Мы не отчитывались друг перед другом. Если Володя на меня кричал, я не сопротивлялся. Если начинал орать я – не сопротивлялся Володя. Когда мы начинали ругаться, присутствующим становилось страшно. Кто-то залезал под стол, чтобы не слышать этого и не видеть, кто-то выскакивал в другую комнату... Мы так кричали! Хотя никогда не дрались.
Спасало то, что после крика тот из нас, кто был не прав, признавал это.
— Почему Высоцкому так нравился ваш дом? Ведь хорошие компании были и у Кочаряна, и у Утевского.
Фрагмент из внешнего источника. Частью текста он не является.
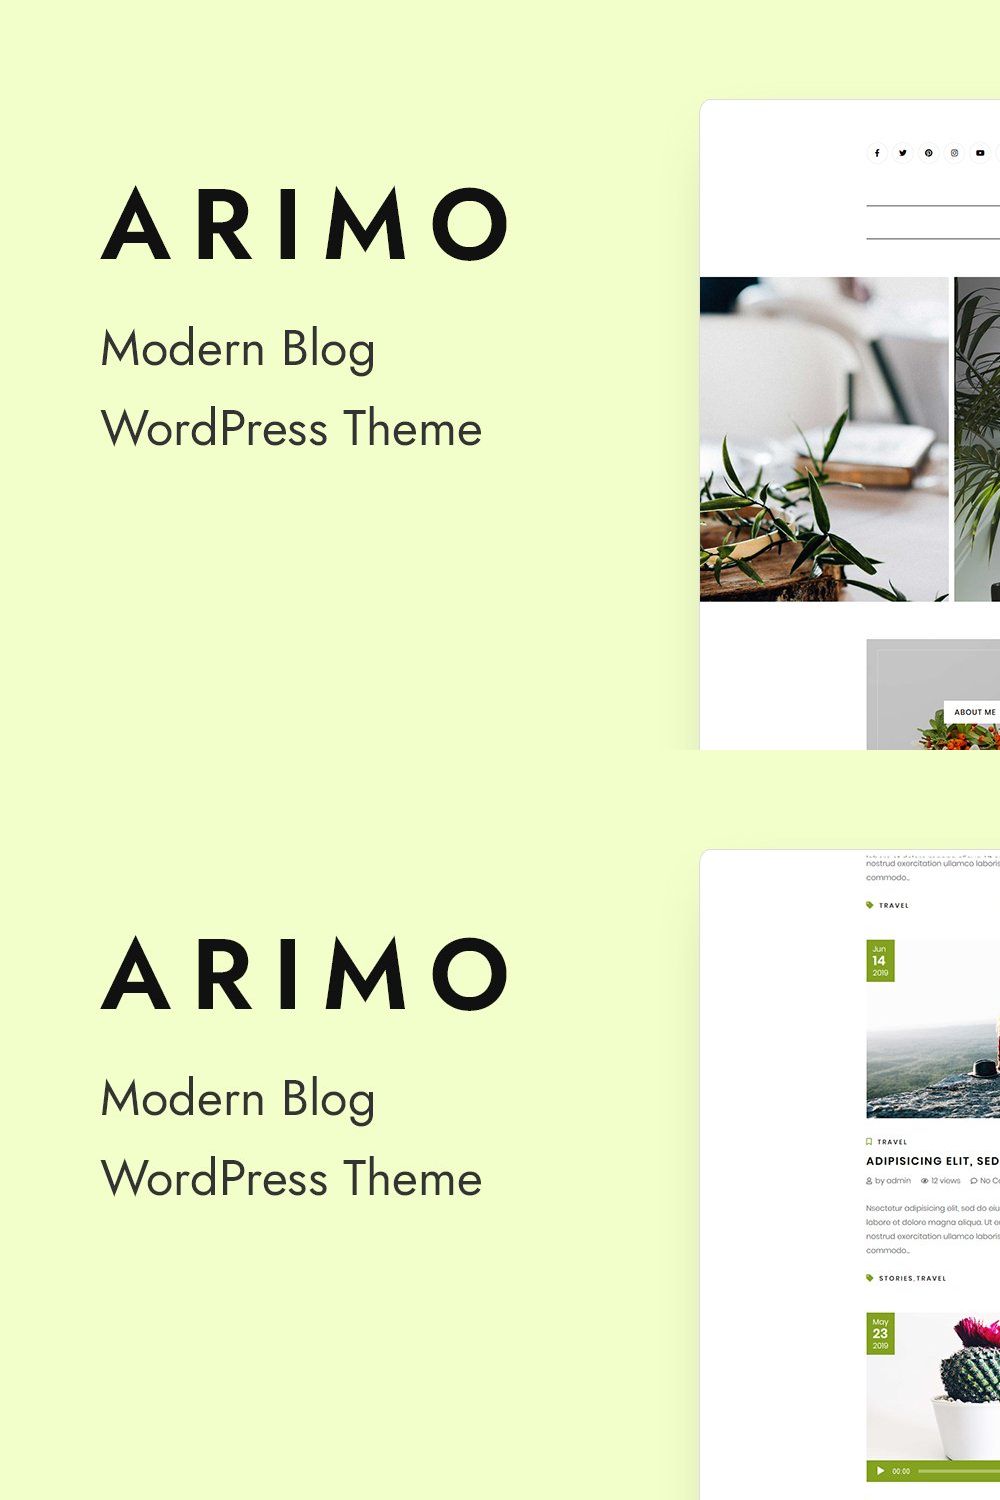 Modern Blog WordPress Theme - Arimo pinterest preview image.

— Я сам в последнее время часто об этом задумываюсь. Не претендуя на полную истину, скажу, что все-таки в этом доме Володя попадал в такое окружение, которое вряд ли было у него на Большом Каретном. Там собиралась блестящая компания: Кочарян, Утевский, Макаров, Шукшин, но им еще только предстояло состояться.
А тут была другая, потрясающая среда. Собирались невероятные люди, все было пропитано атмосферой театра. То есть Володя находил в этом доме, может быть, не то, чего искал, но то, к чему подсознательно стремился. Весь этот дом – легенда, сейчас он увешан мемориальными досками, а в те годы большинство удостоившихся их были живы, ходили по нашему двору, заглядывали друг к другу в гости.
Когда Володя попал в Театр Пушкина, он познакомился там с народной артисткой СССР Фаиной Григорьевной Раневской. Их разделяла невероятная дистанция, хотя сама Фаина Григорьевна славилась своей коммуникабельностью и демократичностью. А в этот дом она была более чем вхожа, приходила на все семейные праздники. И когда Володя появлялся, он заставал ее здесь. Они могли общаться на равных.
Нынешним актерам наплевать; какое у них имя, какой авторитет! А для нас в то время имена старых актеров звучали свято и торжественно: Раневская, Абдулов, Вершилов!.. Просто послушать их казалось счастьем, а тут была возможность посидеть рядом в неформальном общении.
Фаина Григорьевна не раз рассказывала, как они познакомились с Володей. Она проходила мимо доски приказов в Театре имени Пушкина. Почему-то взглянула на нее, увидела пять или семь выговоров с последним предупреждением некоему актеру Владимиру Высоцкому и воскликнула:
— Боже мой! Кто этот бедный мальчик?
— Фаина Григорьевна, это я, — стоит маленький человечек. Так они познакомились, и она стала первой заступницей и просительницей за Володю в этом театре.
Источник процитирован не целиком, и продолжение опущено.